Дядя Петр приносил огромную краюху белого хлеба и варенье «семечки» в большой глиняной банке, резал хлеб ломтями, щедро смазывал их вареньем и раздавал всем эти вкусные малиновые ломти, держа их на ладони, низко кланяясь.

– Пожалуйте-ко милостью, покушайте! – ласково просил он, а когда у него брали ломоть, он внимательно осматривал свою темную ладонь и, заметя на ней капельку варенья, слизывал его языком.

Петровна приносила вишневую наливку в бутылке, веселая барыня – орехи и конфеты. Начинался пир горой, любимое бабушкино удовольствие.

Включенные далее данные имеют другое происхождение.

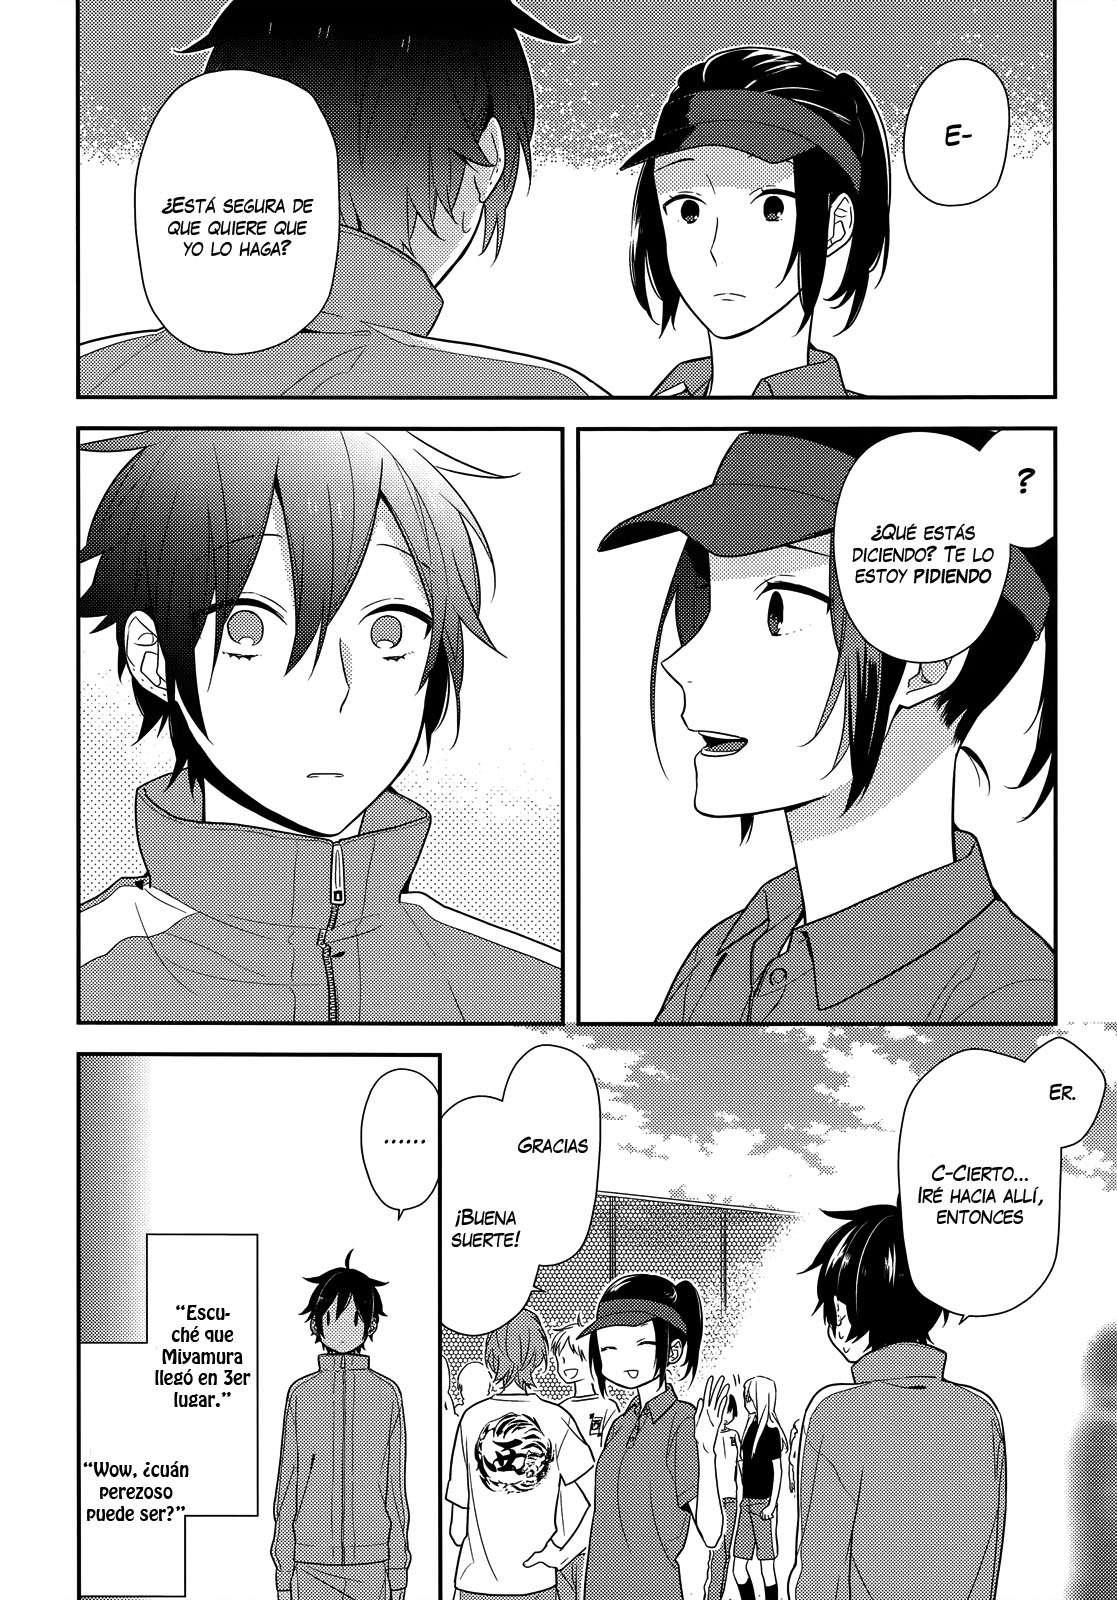 https://c5.ninemanga.com/es_manga/19/1043/383525/9867275dffcde95f6f4ec8ca56a4d53f.jpg Page 11
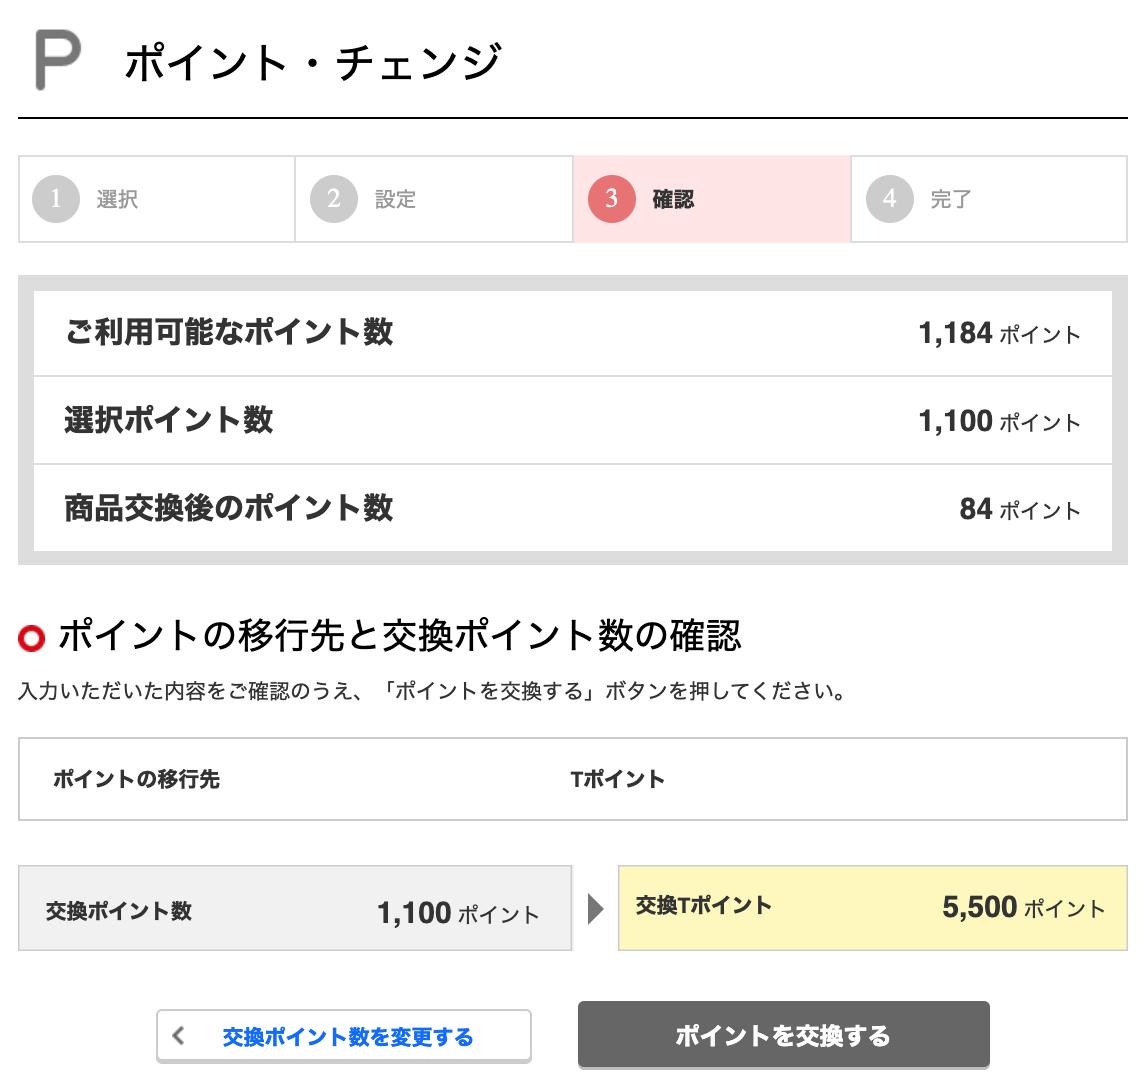 f:id:i-chihiro93115:20191230092615p:plain

Спустя некоторое время после того, как Хорошее Дело предложил мне взятку за то, чтоб я не ходил к нему в гости, бабушка устроила такой вечер. Сыпался и хлюпал неуемный осенний дождь, ныл ветер, шумели деревья, царапая сучьями стену. В кухне было тепло, уютно, все сидели близко друг ко другу, все были как-то особенно мило тихи, а бабушка на редкость щедро рассказывала сказки, одна другой лучше.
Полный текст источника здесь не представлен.